Il est important de préciser que l’enseignement spécialisé de type 5 ne peut pas délivrer de certification. En effet, la règle générale veut que l’école d’origine – ou celle où l’élève est « régulièrement inscrit » - soit la seule habilitée pour la certification. Dans le type 5 en secondaire, le panel des enseignants n'est pas suffisant pour couvrir toutes les disciplines et ils ont une partie de leur charge horaire dévolue à la rencontre des partenaires internes (hospitaliers) et externes (écoles d'origine, CPMS…).[27]

Au niveau du suivi des notes de cours et du partenariat entre l'école d'origine et l'école de type 5, l'avis n°156 du CSES relève également des points de tension entre les écoles ordinaires et les pédagogues hospitaliers des écoles de type 5 : Certains établissements collaborent rapidement et activement - c’est généralement le cas au fondamental -tandis que d'autres répondent moins efficacement aux sollicitations : envois des copies de cours d'un élève annotées de toutes les réponses ; envois très tardifs du cours complet ; envois épisodiques après maints rappels ; refus de certains enseignants de transmettre leur cours, car c’est « leur propriété » ; envois de cours incomplets... Refus catégorique de toute collaboration.[28]

Que l'élève fréquente le type 5 ou essaie vaille que vaille de rester dans son école d'origine, une des grosses pierres d'achoppement réside dans le suivi de la scolarité par celle-ci. Les enseignants donnent cours en présentiel et ne sont pas contraints d'assurer le suivi des élèves à l'extérieur de l'école, même si la circulaire sur le type 5 le suggère.

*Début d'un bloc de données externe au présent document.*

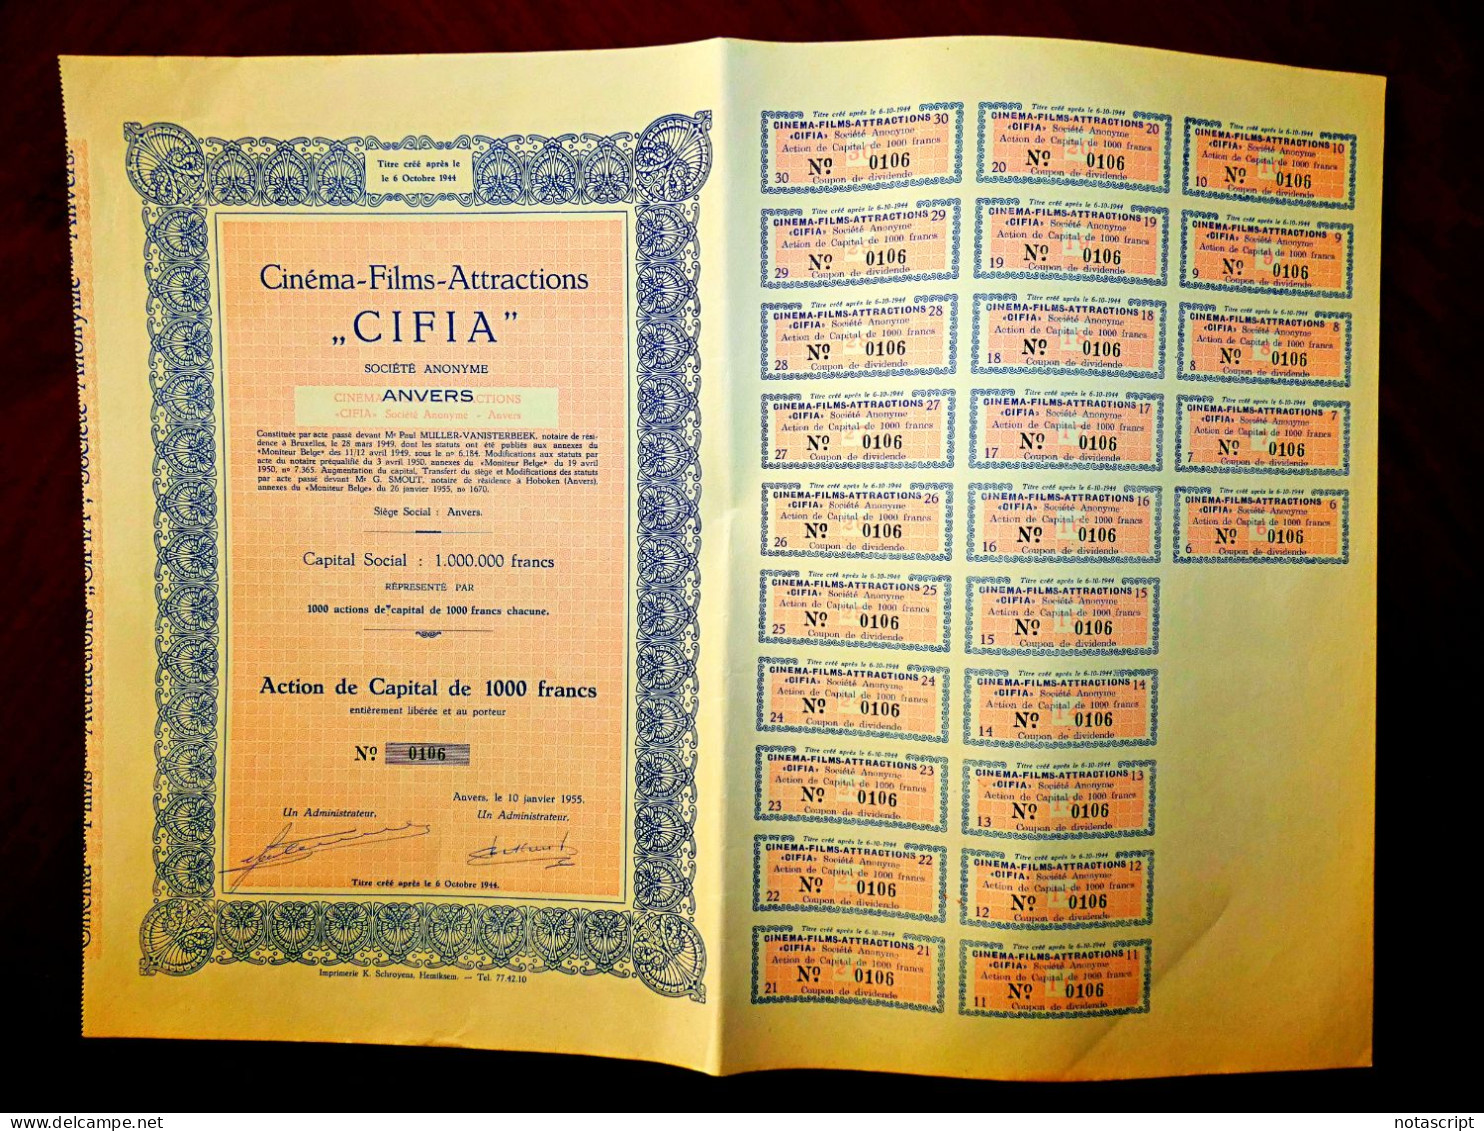 Cinéma Films Attractions CIFIA, Anvers 1955 Belgium  Sharecertificate - Kino & Theater

Réunions de concertation, protocole aménagements raisonnables, PIA, intégration et pôles territoriaux

Comment faire en sorte que ces élèves ne se retrouvent pas abandonnés à eux-mêmes en plus d'être confrontés à une maladie de longue durée ? Une partie de la réponse se trouve certainement dans la tenue de réunions de concertation, dans l'élaboration d'un protocole aménagements raisonnables ou d'un PIA dans l'enseignement spécialisé, comme le préconisait déjà l'ancienne ministre de l'Éducation, Marie-Martine Schyns dans sa circulaire d'octobre 2018 : (…) j’insisterais plus particulièrement sur l’indispensable partenariat entre les écoles de type 5 et les autres établissements et sur la responsabilité qui incombe aux écoles d’origine quant au suivi scolaire de leurs élèves mêmes malades et en particulier dans les « aménagements raisonnables » qu’il importe d’appliquer au niveau du processus d’évaluation et de certification. Afin d’assurer un suivi optimal, et dans le respect des règles déontologiques, le recours au P.I.A[29] est certainement l’outil à privilégier.[30]

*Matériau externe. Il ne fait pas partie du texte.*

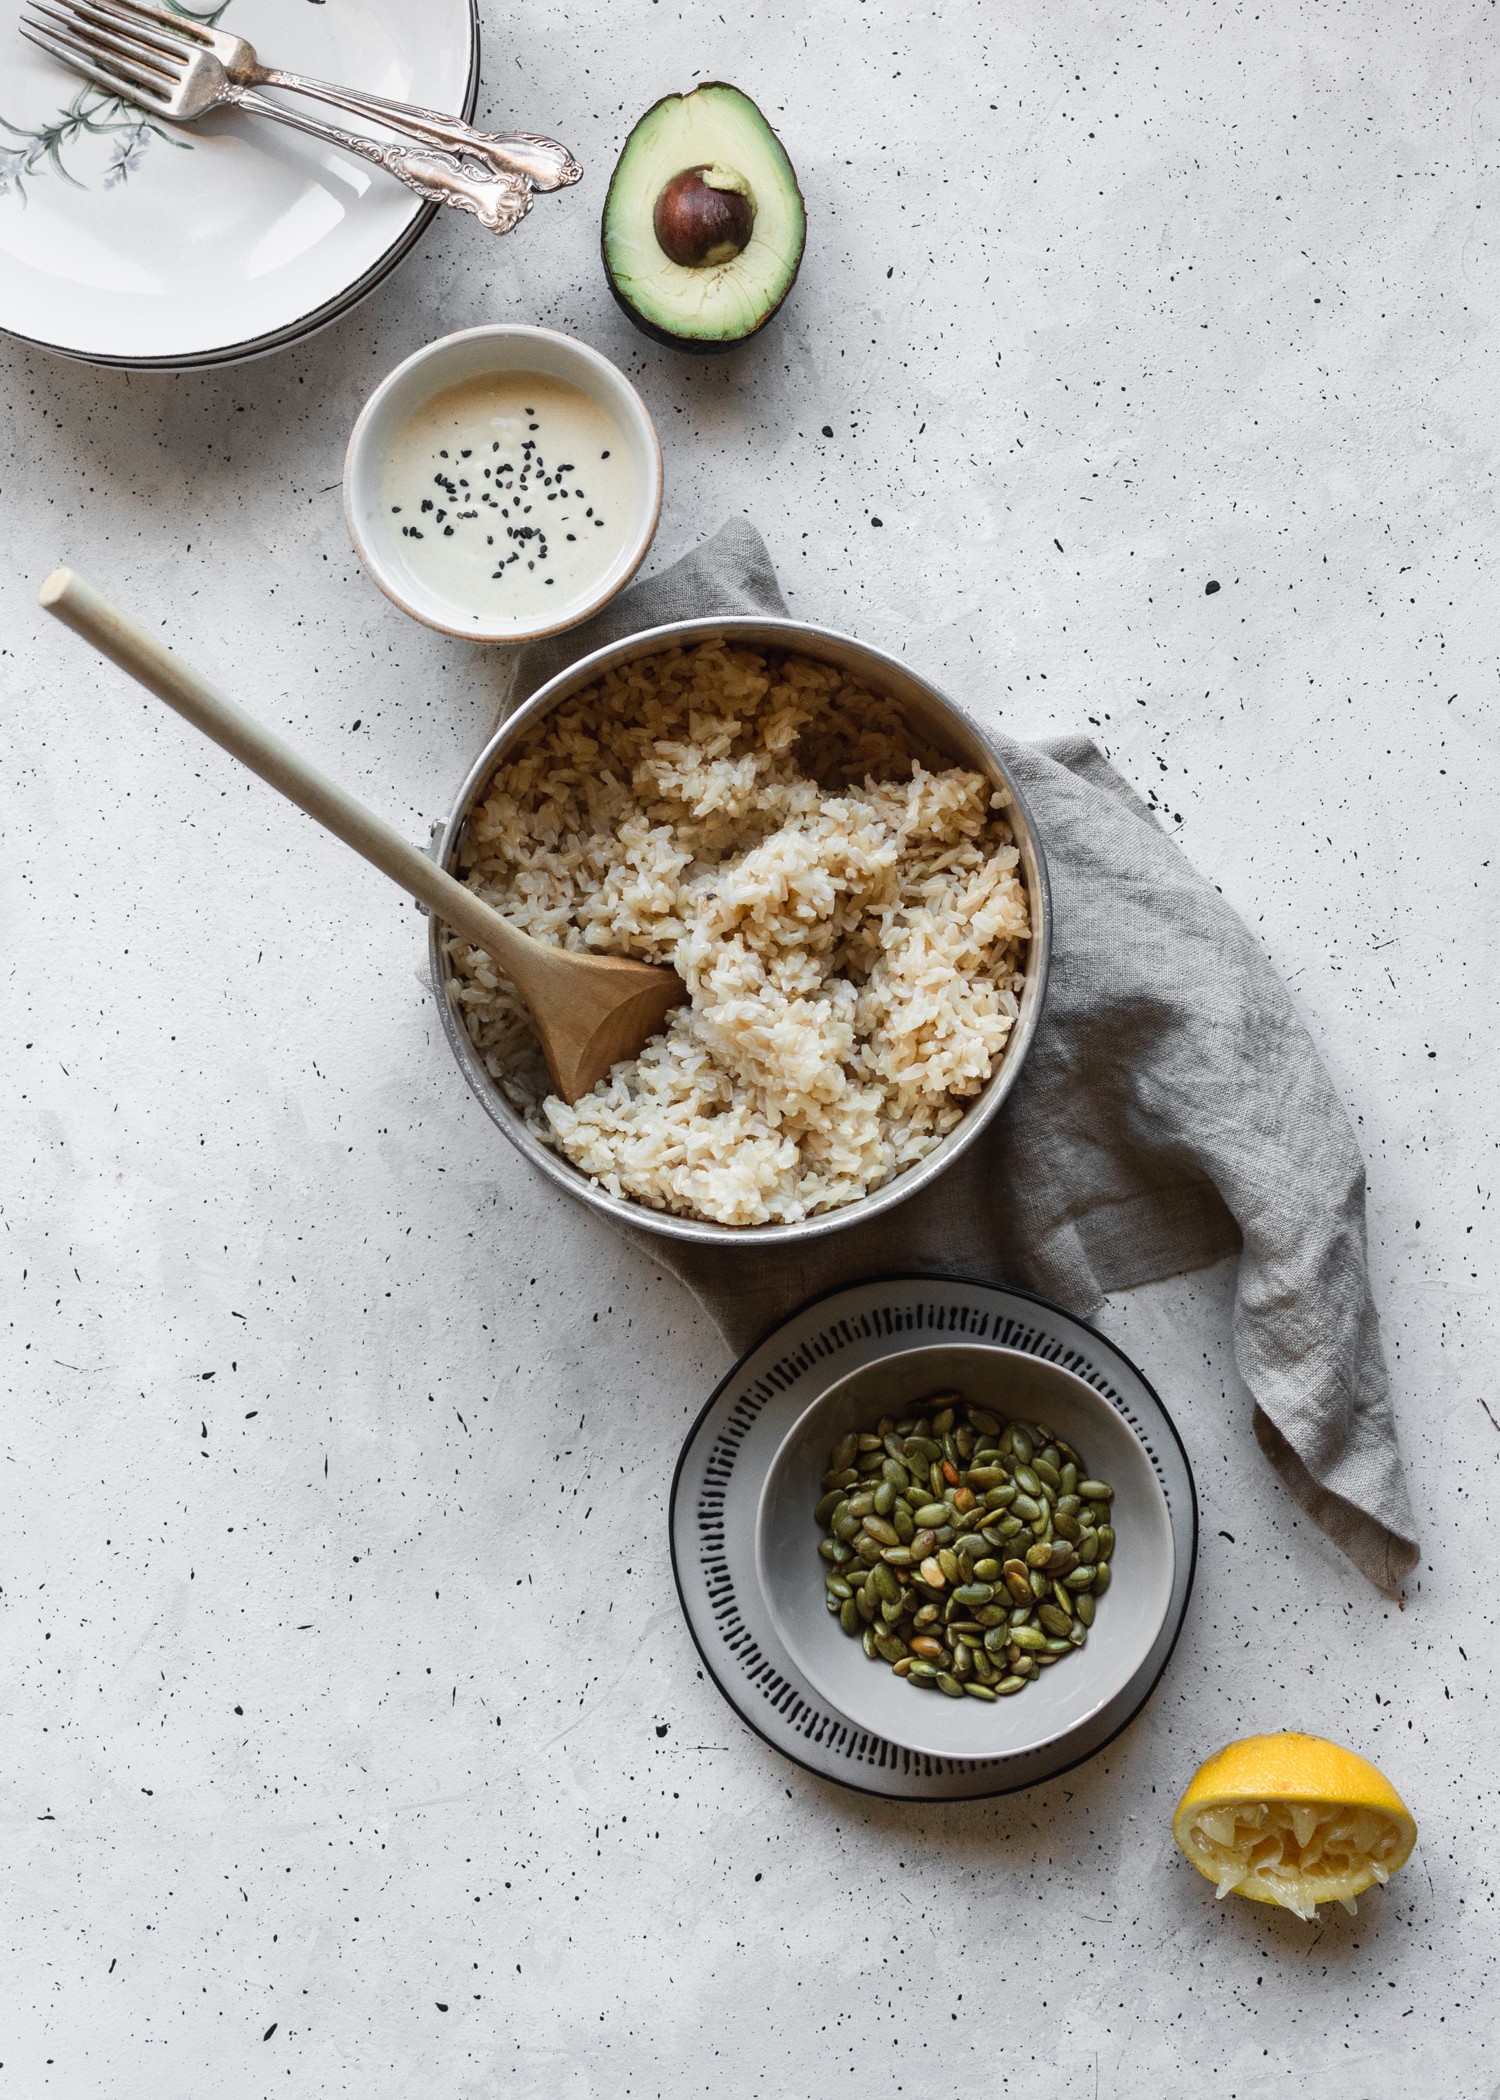 An overhead shot of a pot of rice placed on a linen, bowl of pepitas, bowl of tahini dressing, avocado, bowls, and half a lemon in a curved shape on a grey speckled counter.

Pour les élèves malades de longue durée fréquentant l’enseignement ordinaire, les aménagements sont élaborés dans le cadre de réunions collégiales de concertation rassemblant le directeur ou son délégué, l'équipe éducative dans l'enseignement fondamental, le conseil de classe dans l'enseignement secondaire, ou leurs représentants ; un représentant du centre PMS compétent pour l'école ordinaire concernée, si l'un des partenaires ou le directeur du centre PMS l'estime nécessaire, les parents de l'élève ou l'élève lui-même s'il est majeur et un représentant du pôle territorial compétent lorsque la prise en charge de l'élève concerné par le pôle pourrait être nécessaire.[31] La présence d’un expert susceptible d’éclairer les acteurs est possible à la demande des parents et avec l’accord du chef d’établissement. En cas d’accord, les aménagements sont consignés dans un protocole qui fixe les modalités et les limites des aménagements. Ce protocole est signé par le chef d’établissement et les parents. L’établissement scolaire doit mettre en place le ou les aménagement(s) raisonnable(s) dans les plus brefs délais.[32]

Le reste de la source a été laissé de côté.